Now comes the hard part – and the point I think is the most crucial. Don’t be ashamed of your illness. You do not have to like it – I don’t know anyone who likes to be sick. You can hate it. You can loathe it. Just don’t be ashamed of it. Incorporate it into your life as you have to. It will be there whether you choose to acknowledge it or not. Because get this – people you interact with, in most cases, will not know you are sick unless you tell them! But I don’t want their sympathy you say – I say I’d rather have their sympathy than their misplaced scorn because you have been calling in to work – they think you are lazy, because they don’t know about the intense chemo treatment that wiped you out. It takes immense intestinal fortitude – commonly known as guts – to just put it out there. Social media makes this easier. I know, I know, its your private life you want to keep it private. But let me ask you this – how can people be aware of what is going on if you hide it!? Yes I understand privacy – but I also understand ignorance. Awareness and education are the two biggest weapons we have against ignorance, and we owe it to ourselves, as well as future generations, to use every weapon at our disposal to combat ignorance. The textbooks don’t tell it like it is. Blogs written by people who are living it every day tell it like it is. Blogs written by caregivers tell it like it is. We have to change the stigma. We must shine a super spotlight on cancer, on diabetes, on lupus, on RA, on MS, on ALS, on leukemia, on fibromyalgia, ON EVERY SINGLE LIFE THREATENING, LIFE ALTERING OR TERMINAL ILLNESS!!!!! We closed the sanitariums years ago – so we would stop hiding illness and “different” people. I’m sure you have seen the letter this week from Canada, when some ignorant person suggested euthanization of a handicapped young man in a brutal, heartless letter, that they were then too gutless to sign.  This type of thing is EXACTLY what awareness can help to eliminate!!!!!!! We can’t eliminate idiots, we can’t eliminate hatred, we can’t eliminate ignorance – but we can show it for what it is. We can show the true face of our diseases, of our illnesses, and all the side effects, all the ancillary things that go with them, and expose the idiots as idiots, expose the haters for their hatred, expose the ignorant for their ignorance, expose the heartless for their lack of compassion. Most importantly, we can DISPEL THE MYTHS!!!!!!

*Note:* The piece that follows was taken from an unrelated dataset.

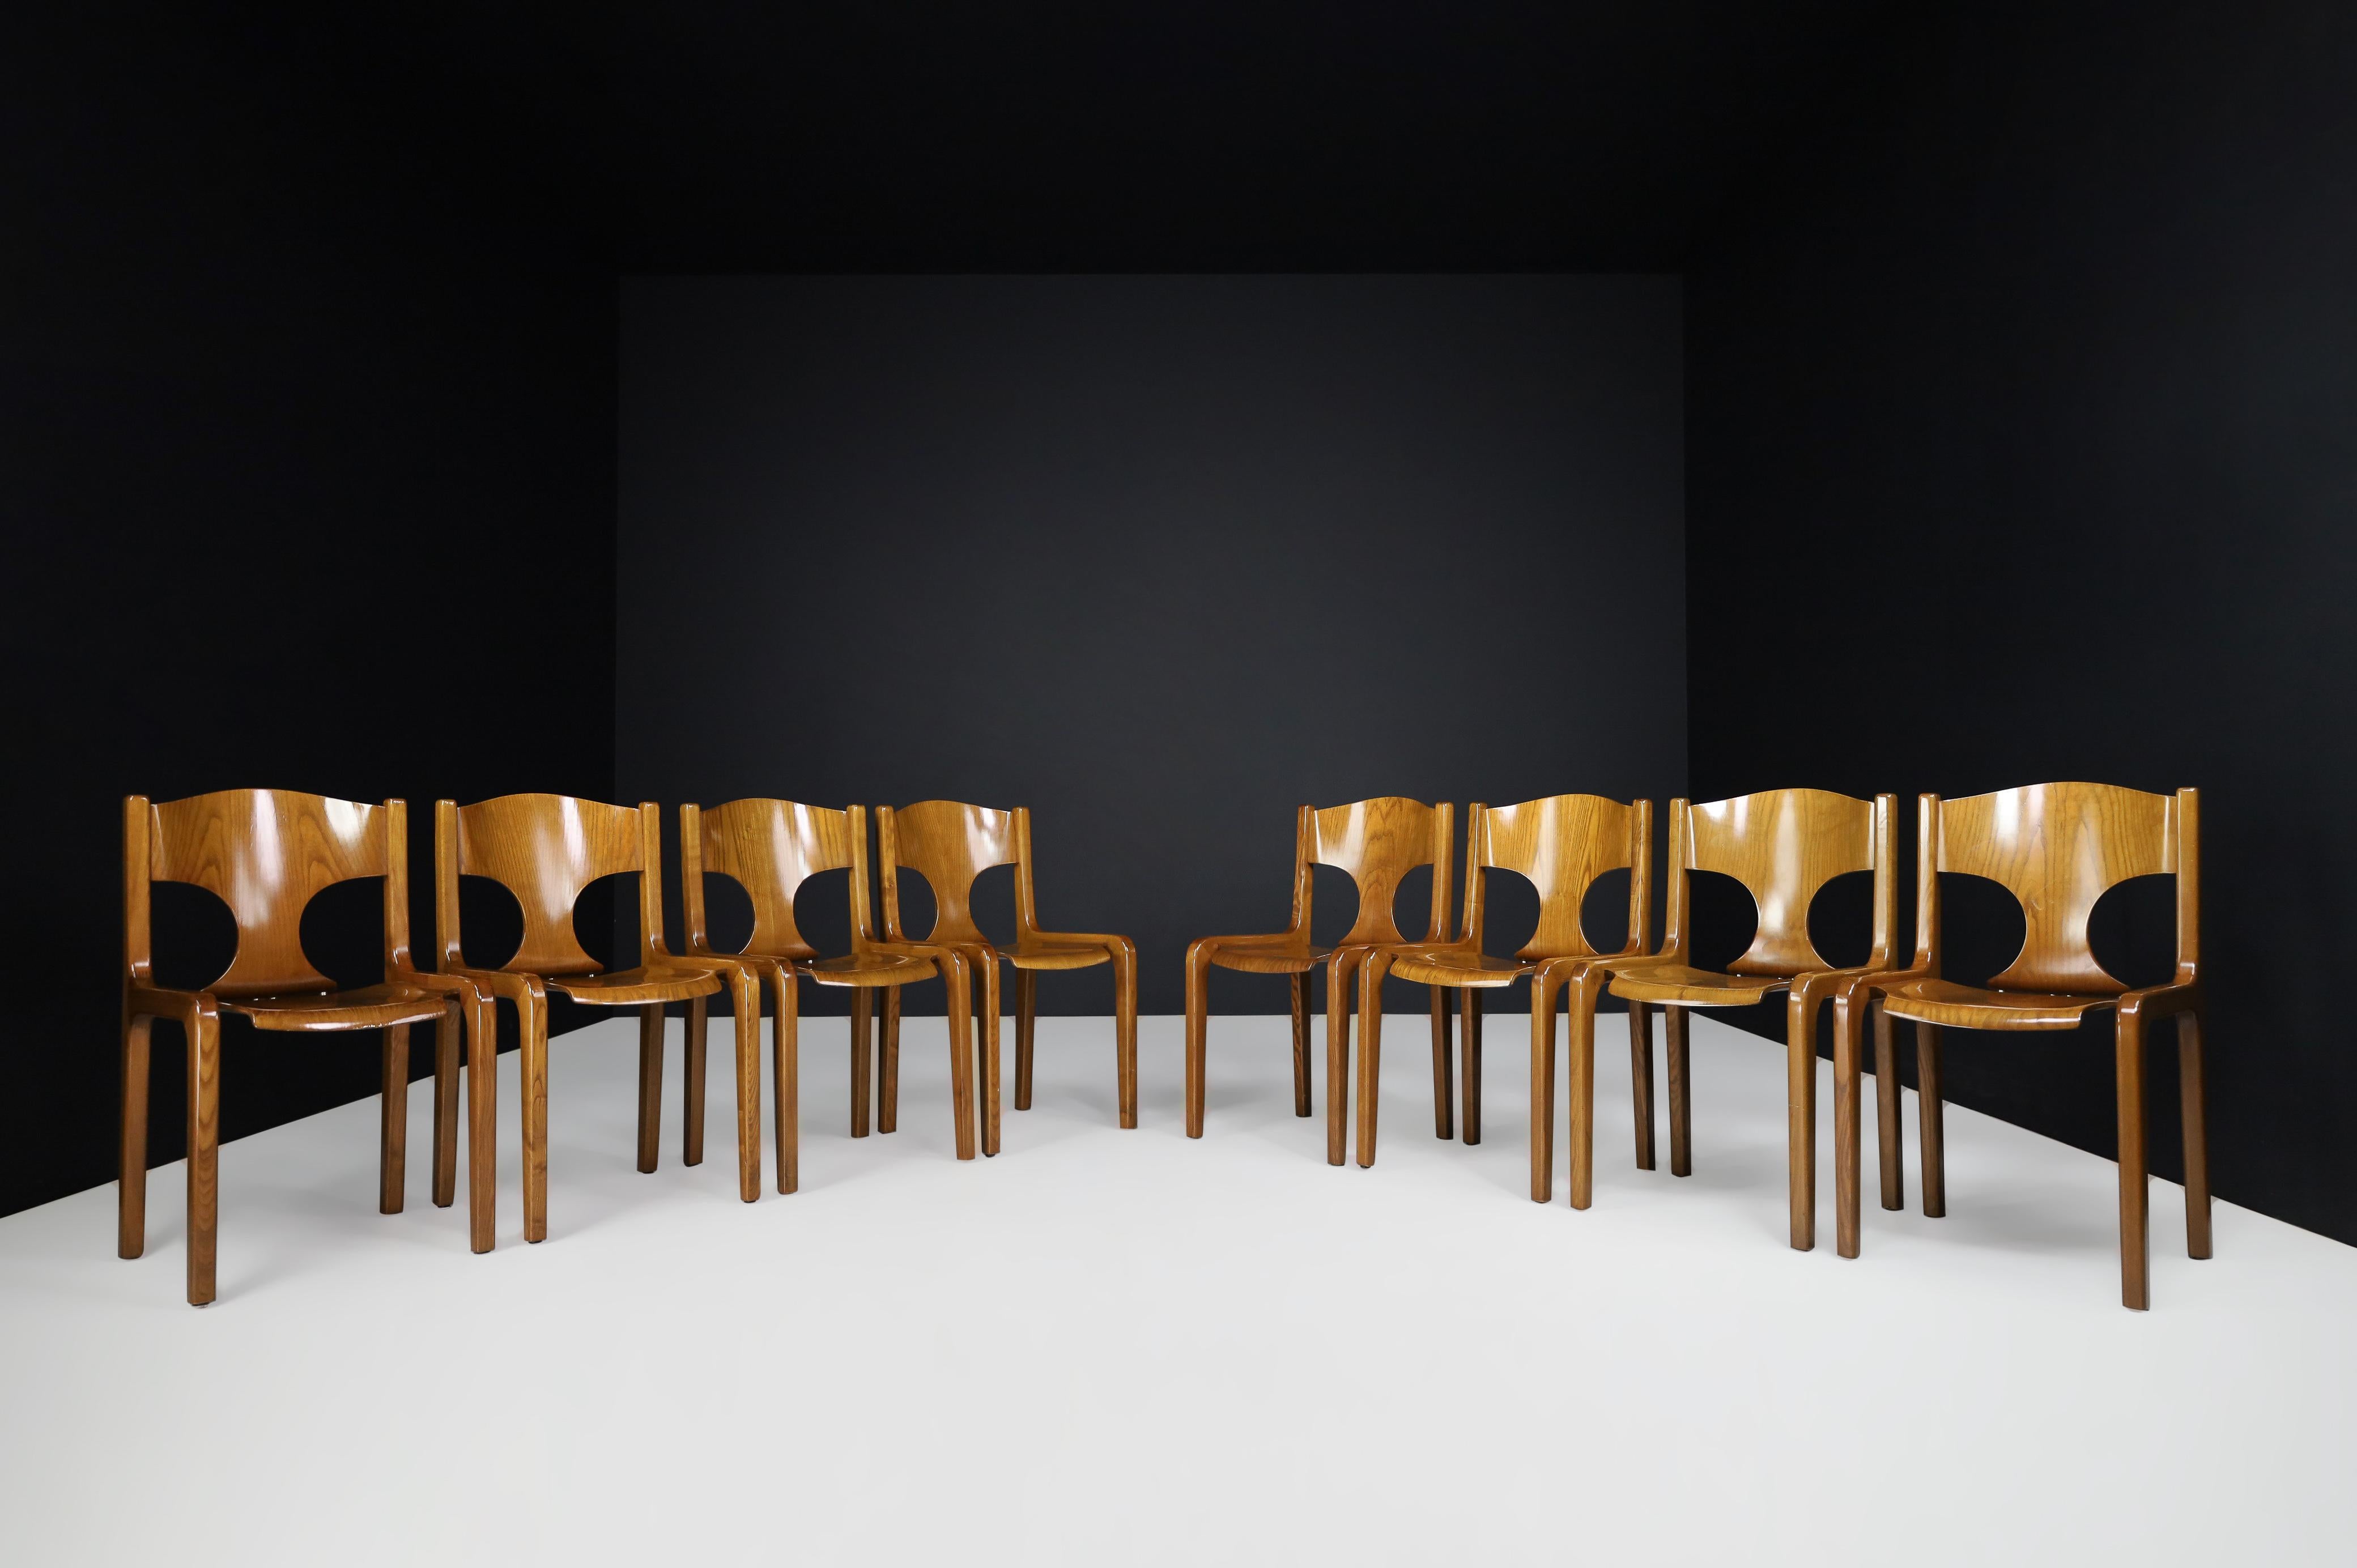 Chaises de salle à manger Augusto Savini pour Pozzi, Italie 1968.

Un magnifique ensemble de chaises de salle à manger de grande qualité, conçu par l'architecte Augusto Savini pour la manufacture Pozzi à la fin des années 1960, a été présenté pour

So you ask, what can I do? Well, you have read this blog. Read others, by those in the trenches with cancer, with lupus, with diabetes – not the glossy brochures that try to make horror into a fairy tale – but the real stories, the true life stories. And share everything you read – share on Facebook, share on twitter, tell people you know. Shine YOUR light of awareness into the dark recesses of ignorance in your world – and soon we will have more light than darkness, and ignorance will flourish no more.

Relationships – the very fabric of our lives. The weave and color of that fabric is determined by YOU. Thank you for your time in reading this – please take a couple more seconds and share.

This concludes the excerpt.